From CartPole to GRPO: an RL course that runs the code first
An open curriculum that teaches reinforcement learning by starting with runnable experiments, then using the results to explain the math behind PPO, DPO, and LLM alignment.

What it does
Hands-On Modern RL is a free, practice-first course that tries to bridge a stubborn gap: most RL material is either toy-code tutorials or dense paper derivations, with little in between. The project provides runnable experiments—CartPole, Atari Pong, LLM post-training with DPO/GRPO, even VLM geometry reasoning—paired with explanations that introduce formulas only after you’ve seen the training curves collapse or converge. It is built as a VitePress site with a companion PDF, and the source lives in docs/ while the code lives in code/.
The interesting bit
The course treats debugging as core curriculum. Training collapse, reward hacking, KL drift, and OOM failures are not footnotes—they are chapter material. That is unusual for educational content, which typically shows sanitized success cases. The authors also explicitly note the content was AI-assisted and not fully reviewed, which is either refreshing honesty or a warning, depending on your tolerance for living dangerously.
Key highlights
- Covers classic RL (DQN, REINFORCE, Actor-Critic, PPO) through modern LLM alignment (RLHF, DPO, GRPO, RLVR) and agentic systems
- Includes reproducible labs for Agentic RL (Deep Research-style tool use) and VLM RL (GeoQA geometry reasoning)

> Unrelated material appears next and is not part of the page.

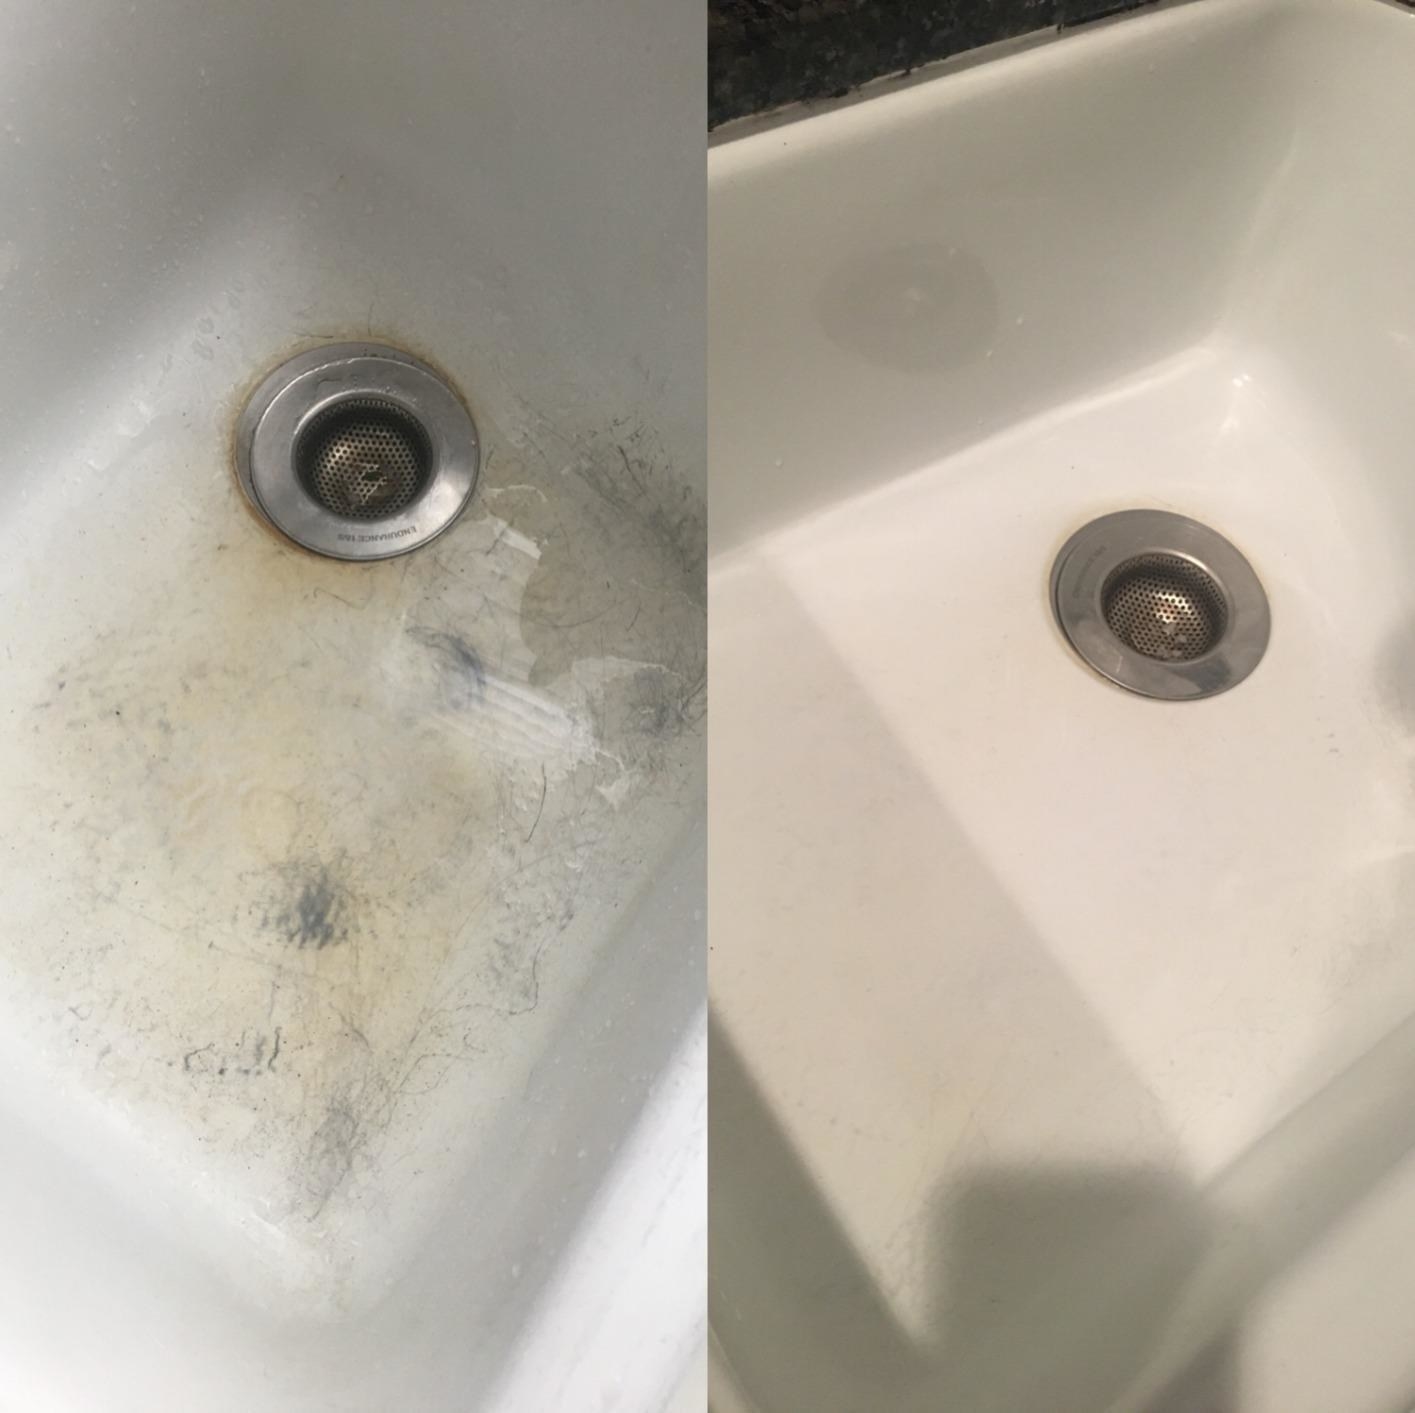 检查图像标记的瓷水槽清洗之前,和之后的水槽清洗后看到一尘不染的相同”class=

- Code maps connect formulas to implementations line-by-line
- Training metric visualizations include failure signals, not just pretty convergences
- Full English translation and PDF builds available as of May 2026
- CC BY-NC-SA 4.0 license
Caveats
- The course is actively evolving; chapters marked under construction may contain mistakes
- The authors explicitly warn that AI-assisted creation means factual errors or broken code are possible
- Compute resources are limited; they are actively seeking GPU donations to run experiments
- Several roadmap items (Unity embodied RL, Diffusion RL) are not yet delivered as of the latest README
Verdict
Worth bookmarking if you are an ML engineer moving from supervised learning into RL, or an LLM practitioner who wants to understand why your GRPO run is exploding. Less useful if you need a polished, finished reference—this is a living courseware project, not a textbook.